Inside, they found 10 bundles of suspected cocaine concealed inside hidden compartments attached to the rims of three of the vehicle’s wheels, the affidavit said.

Later that afternoon, Beatty attempted to find someone to help him pick up the car, but it had already been seized by police.

Investigators conducting surveillance watched that evening as Beatty drove through the parking lots at that address for several hours unable to find the Infiniti.

Two weeks later, the U.S. Attorneys’ office said, agents executed several search warrants. They said they recovered $400,000 in cash, mainly from Beatty’s storage locker.

They also found 40 bricks of heroin and $40,000 in cash at the home of one of Beatty’s conspirators.
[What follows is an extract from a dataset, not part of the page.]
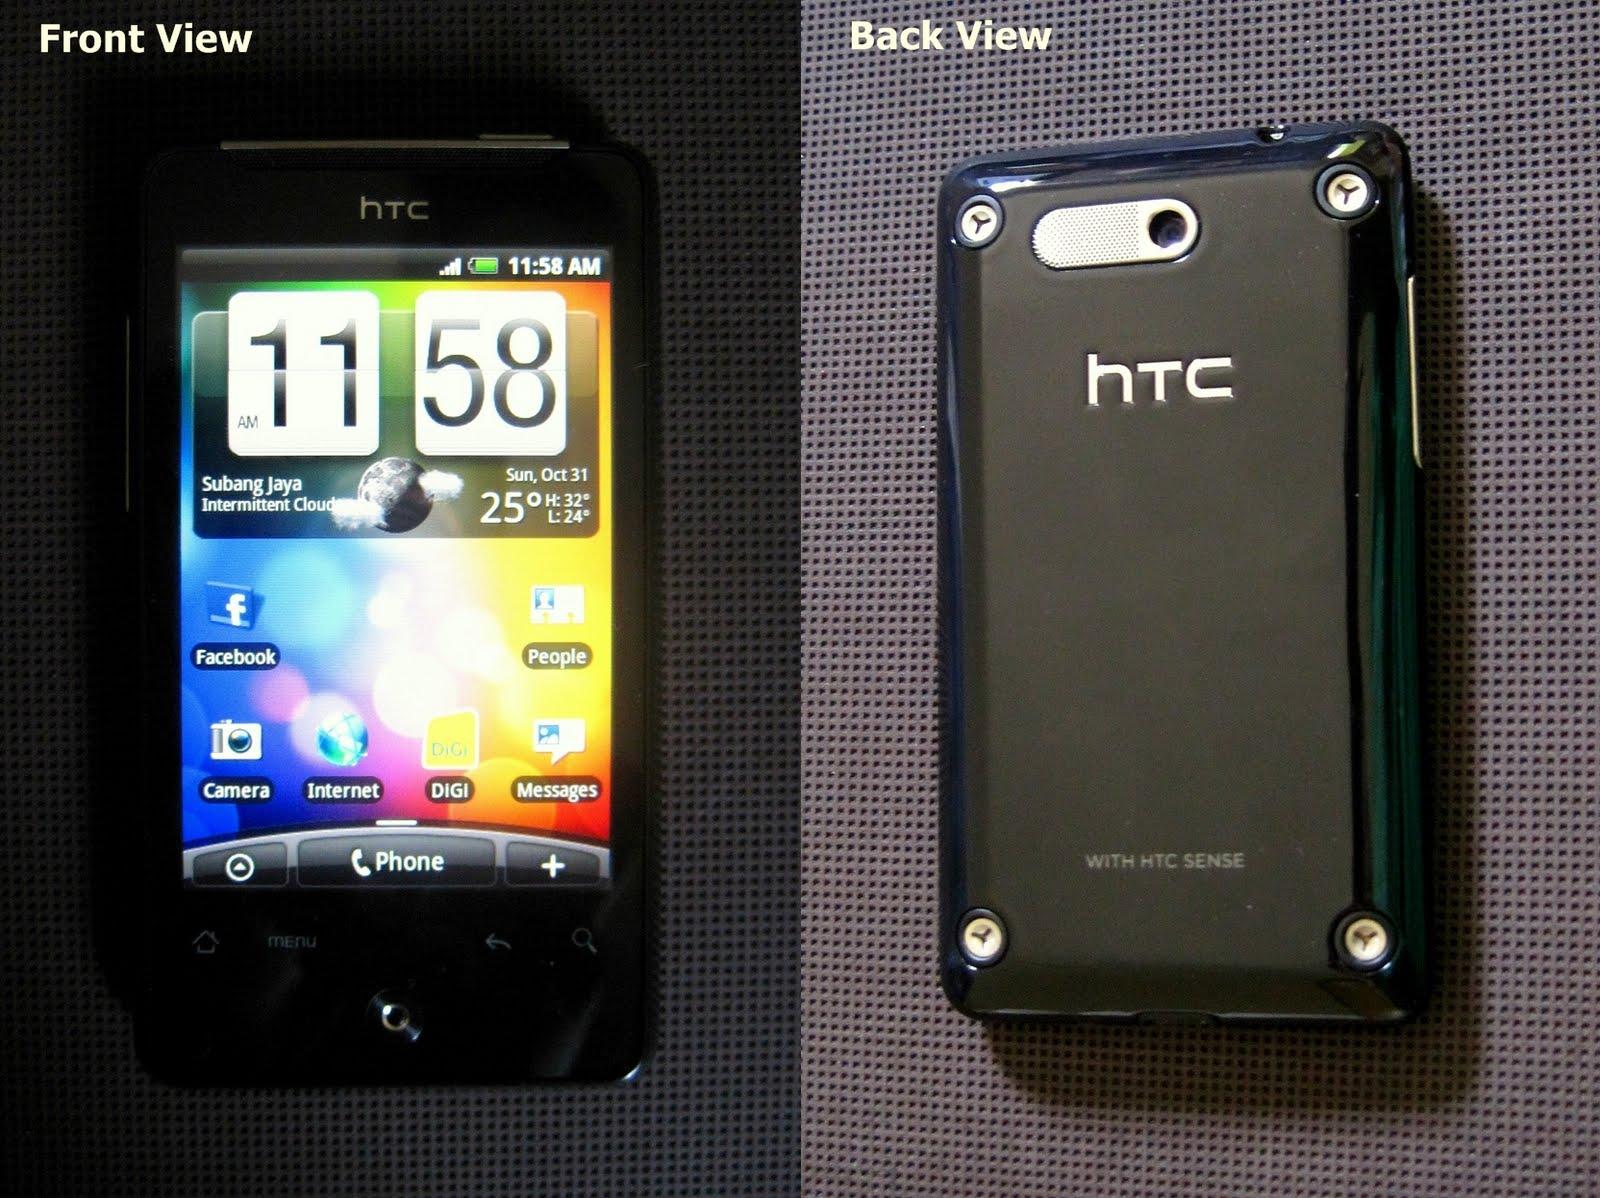 http://1.bp.blogspot.com/_owNLTask15k/TM7c7Hw0N_I/AAAAAAAAFUs/CYDOiJVwfgY/s1600/HTC%2BAria.jpg

A brick is slang for 50 baggies, or just over a gram.

While searching Beatty’s house, Beatty showed agents how to open a concealed compartment in a silver Acura there, the government said. Agents used that information when they found a gold Acura the next day parked near a conspirator’s house.

Agents recovered more heroin, three guns and four cell phones from the vehicle— all hidden inside a secret compartment in the door panel, just like the one Beatty had shown them a day earlier.

Four co-defendants were charged along with Beatty. Two of those cases are pending. The other defendants pleaded guilty and are serving prison time.